Python coding standard for Safety Critical Applications

Question

Coming from C/C++ background, I am aware of coding standards that apply for Safety Critical applications (like the classic trio Medical-Automotive-Aerospace) in the context of embedded systems , such as MISRA, SEI CERT, Barr etc.

Skipping the question if it should or if it is applicable as a language, I want to create Python applications for embedded systems that -even vaguely- follow some safety standard, but couldn't find any by searching, except from generic Python coding standards (like PEP8)

Is there a Python coding guideline that specificallly apply to safety-critical systems ?

Answer 1

Top layer safety standards for "functional safety" like IEC 61508 (industrial), ISO 26262 (automotive) or DO-178 (aerospace) etc come with a software part (for example IEC 61508-3), where they list a number of suitable programming languages. These are exclusively old languages proven in use for a long time, where all flaws and poorly-defined behavior is regarded as well-known and execution can be regarded as predictable.

In practice, for the highest safety levels it means that you are pretty much restricted to C with safe subset (MISRA C) or Ada with safe subset (SPARK). A bunch of other old languages like Modula-2, Pascal and Fortran are also mentioned, but the tool support for these in the context of modern safety MCUs is non-existent. As is support for Python for such MCUs.

Languages like Python and C++ are not even mentioned for the lowest safety levels, so between the lines they are dismissed as entirely unsuitable. Even less so than pure assembler, which is actually mentioned as something that may used for the lower safety levels.

Answer 2

It is possible depending on the safety case and governing standards body to use Python in a safety critical system.

Technical - Availability and Real time

However, for continuous safety, there are always time demands. For example an anti-lock breaking system must always be ready to perform. Ie, high availability. It will also have timing guarantees. It is no good if the anti-skid mechanism engages after a fish tail has started. This would be a real-time gaurentee.

Many higher level languages such as python include garbage collection. If the garbage collector is not incremental or controllable (when the garbage collection happens), it is impossible to fulfill the timing guarantees. It is difficult to have timing demands meant in Python.
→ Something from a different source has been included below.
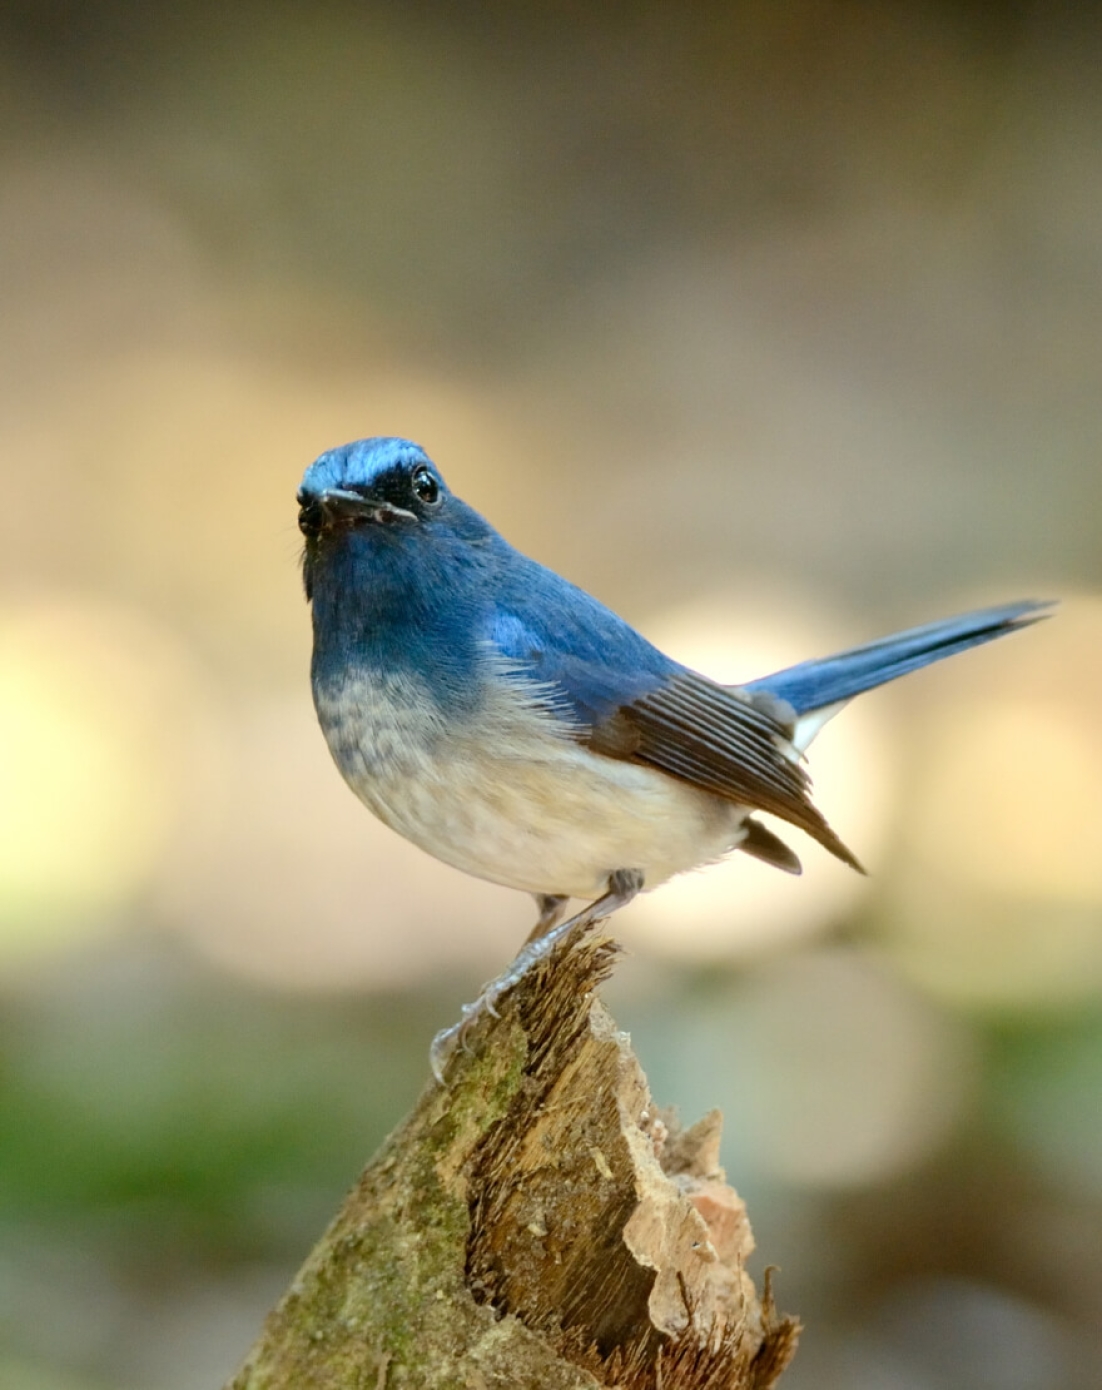 Mountain bluebird on a branch

Some systems are not continuous, such as a Covid assay (do I have Covid-19 yes/no). It is more important to be reliable, meaning do I get the correct results all the time.

Standards

As Lundin alludes, some standards are prescriptive such as the Automotive standards (ISO-26262) and the base standard IEC 61508. That is they give a list of ways to achieve safety.

Some standards such as IEC 62304 (medical software) are goal oriented, but allow the use of the prescriptive IEC 61508. A safety case must be made through technical arguments that Python was a good technology choice for the use case. This can be very difficult, so defaulting to the prescriptive standard is the norm.
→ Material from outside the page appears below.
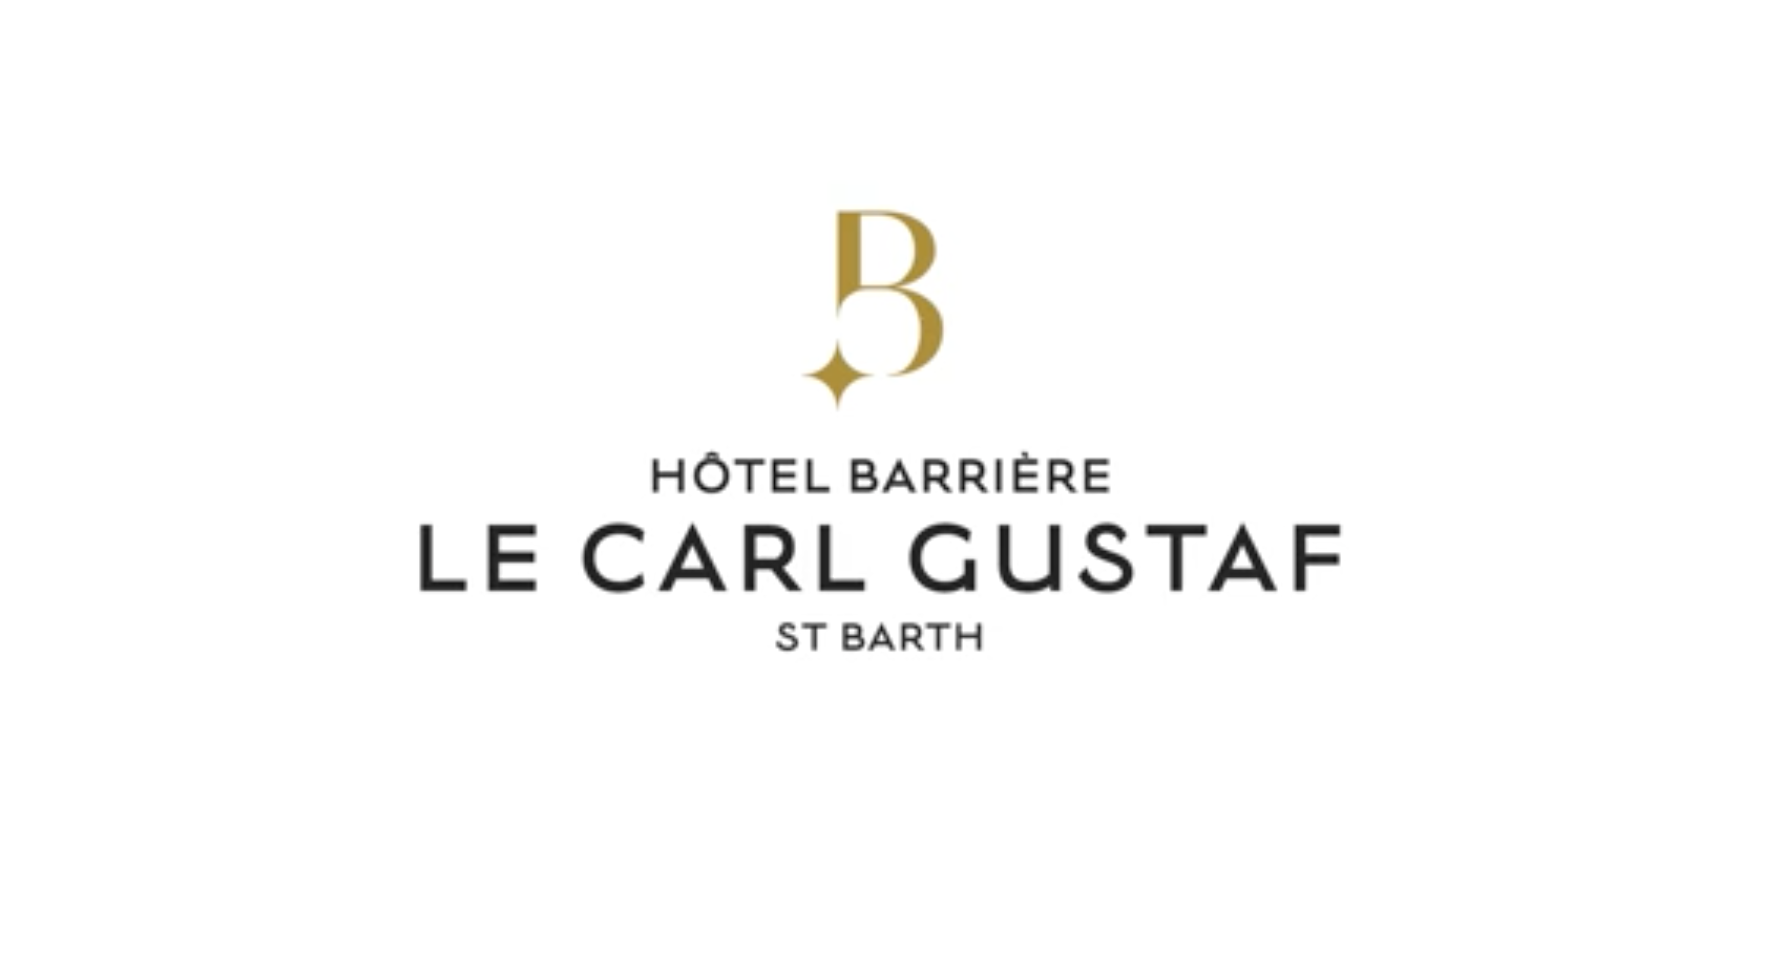 Tourisme en Outre-mer : L’Hôtel Le Carl Gustaf exploité par le groupe Barrière réouvre à Saint-Barthélémy

Frankly, I believe that Rust would probably be a better choice than Python for a wider variety of cases. Some regulatory bodies allow you to have your safety case previewed before large scale development gets underway. If you have a goal oriented standard, it would be very prudent to get some acceptance of your argument for the language from an auditing body.

Reality

Entrenched languages will have tools and pre-certification. For example you can get TUV-Sud certified compilers. Not only the code, but all aspects that are used in development must be analyzed for a safety case. This include static checkers, revision control tools, code review tools, CIT systems, etc. Depending on the 'safety level', you many need all of these elements to be certified. Ie, Level C pace maker or ASIL-4 automotive component. If the language was never used in a safety standard before, it can be difficult to find certified tools, an OS or run-time libraries.

As well, it can be fairly expensive to make the arguments that a new technology is safe. This means there will be added cost to the company that initially undertakes this exercise. A product that succeeds, makes it to market and helps to save lives is better than an intellectual exercise that fails.